Sixty-eight percent of Labor voters answered Yes. Thus the Labor leadership’s position was out-of-step with the views of two thirds of Labor voters.
Some relevant polls
taken at the time of the last election:
On 3 May 2018 a Sky News ReachTel poll found that “Half of all Australian voters support a 90-day limit on holding asylum seekers in offshore detention on Manus Island and Nauru. Just 30 per cent of people were against the idea.... Support and disapproval levels for the 90-day limit were the same across Coalition and Labor voters”. http://www.dailymail.co.uk/wires/aap/article-5684929/Voters-limits-offshore-detention.html
Though the electoral costs either way are probably not high, the Labor leaders’ present position does carry heavy longer-term political costs. The fact that Labor Parliamentarians are so much out of step with the views of Labor party members and Labor voters on a humanitarian issue of major importance makes the Parliamentary Labor party’s claim to stand for humane values (fairness, equality, human rights, compassion, generosity, etc.) sound hypocritical. The result of the Labor-LNP “unity ticket” on Manus-Nauru will be increased contempt for politicians, disillusionment with politics, further hollowing-out of political parties, and loss of faith in democracy.
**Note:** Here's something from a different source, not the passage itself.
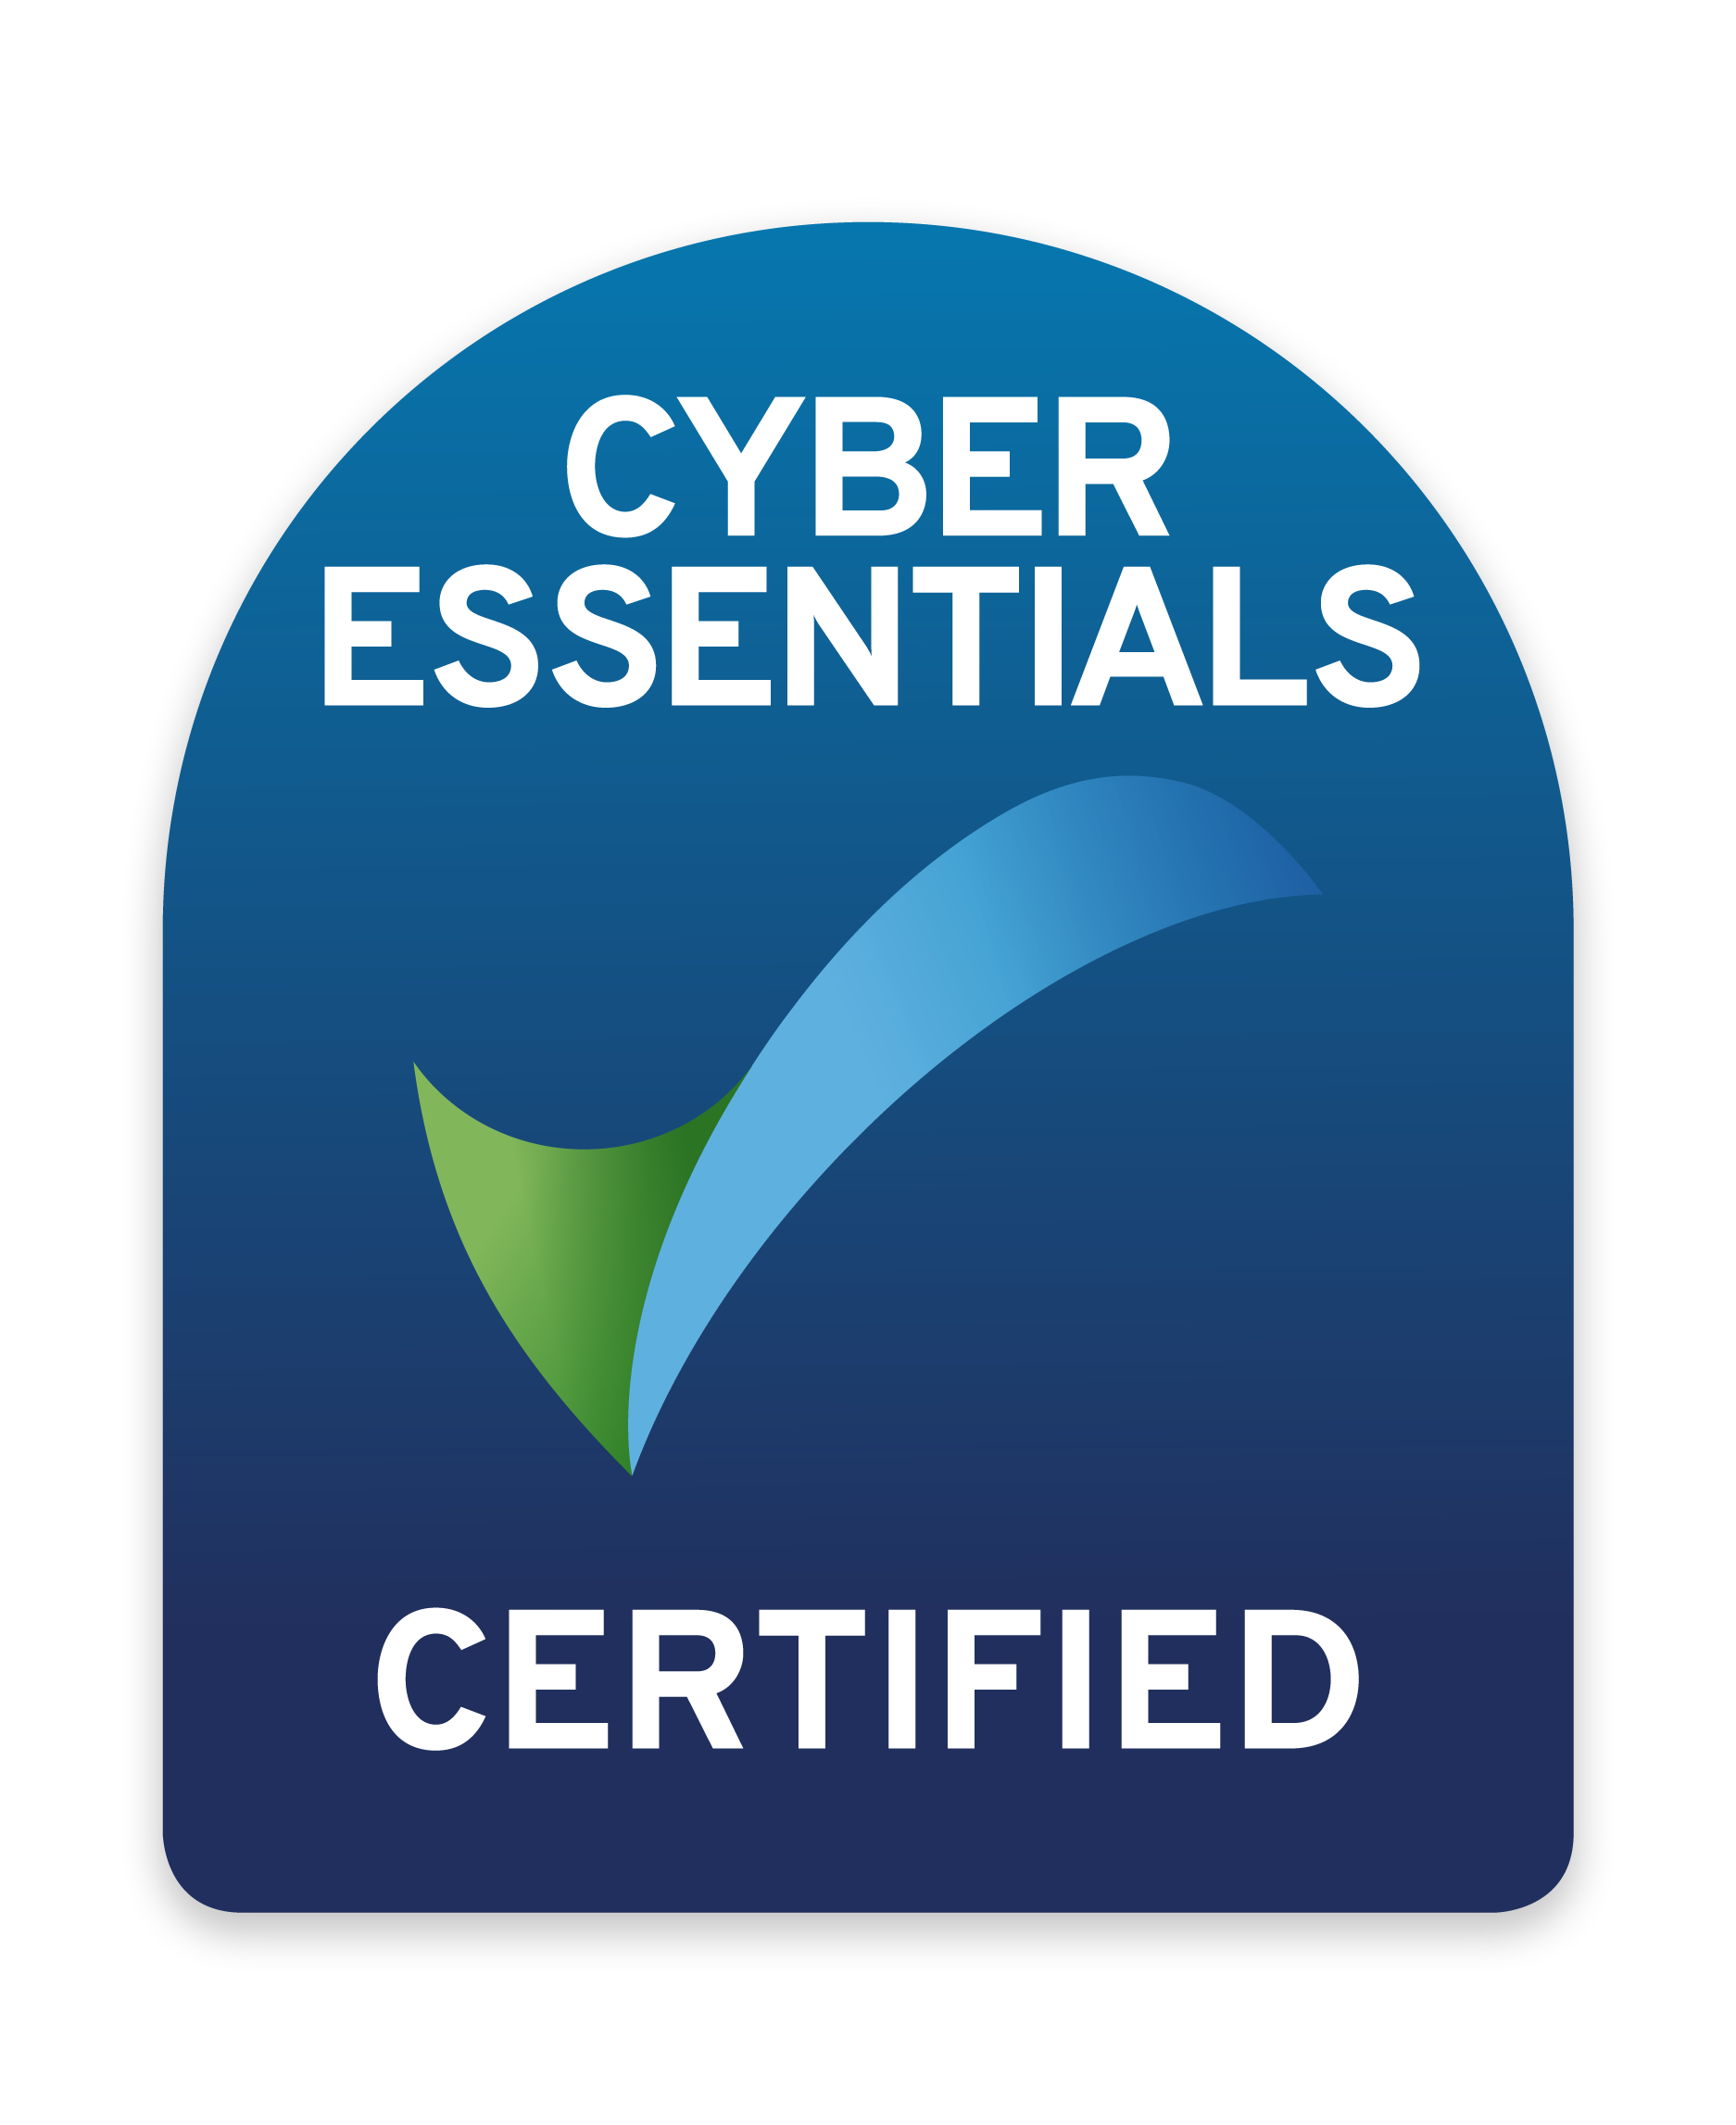 IMSM Philippines Cyber Essentials Certification

Both of the major political parties refuse in this area to implement values many ethically concerned Australians support, and a vote for a minor party can have no effect.
The fate of the Manus and Nauru detainees will, and should, be a major topic at the Party’s National Conference. Whatever the outcome at the Conference, the Government will be able to run a scare campaign. If Mr Shorten sticks to his present position, and perhaps even defeats opponents (perhaps with the support of some big union), that will not be enough to convince voters who say “Never” that a future Labor government won’t eventually bring the detainees here. The spectacle of division at the Conference will make them think that sooner or later Labor’s position will change. Those who say “Never” to the refugees will never vote Labor.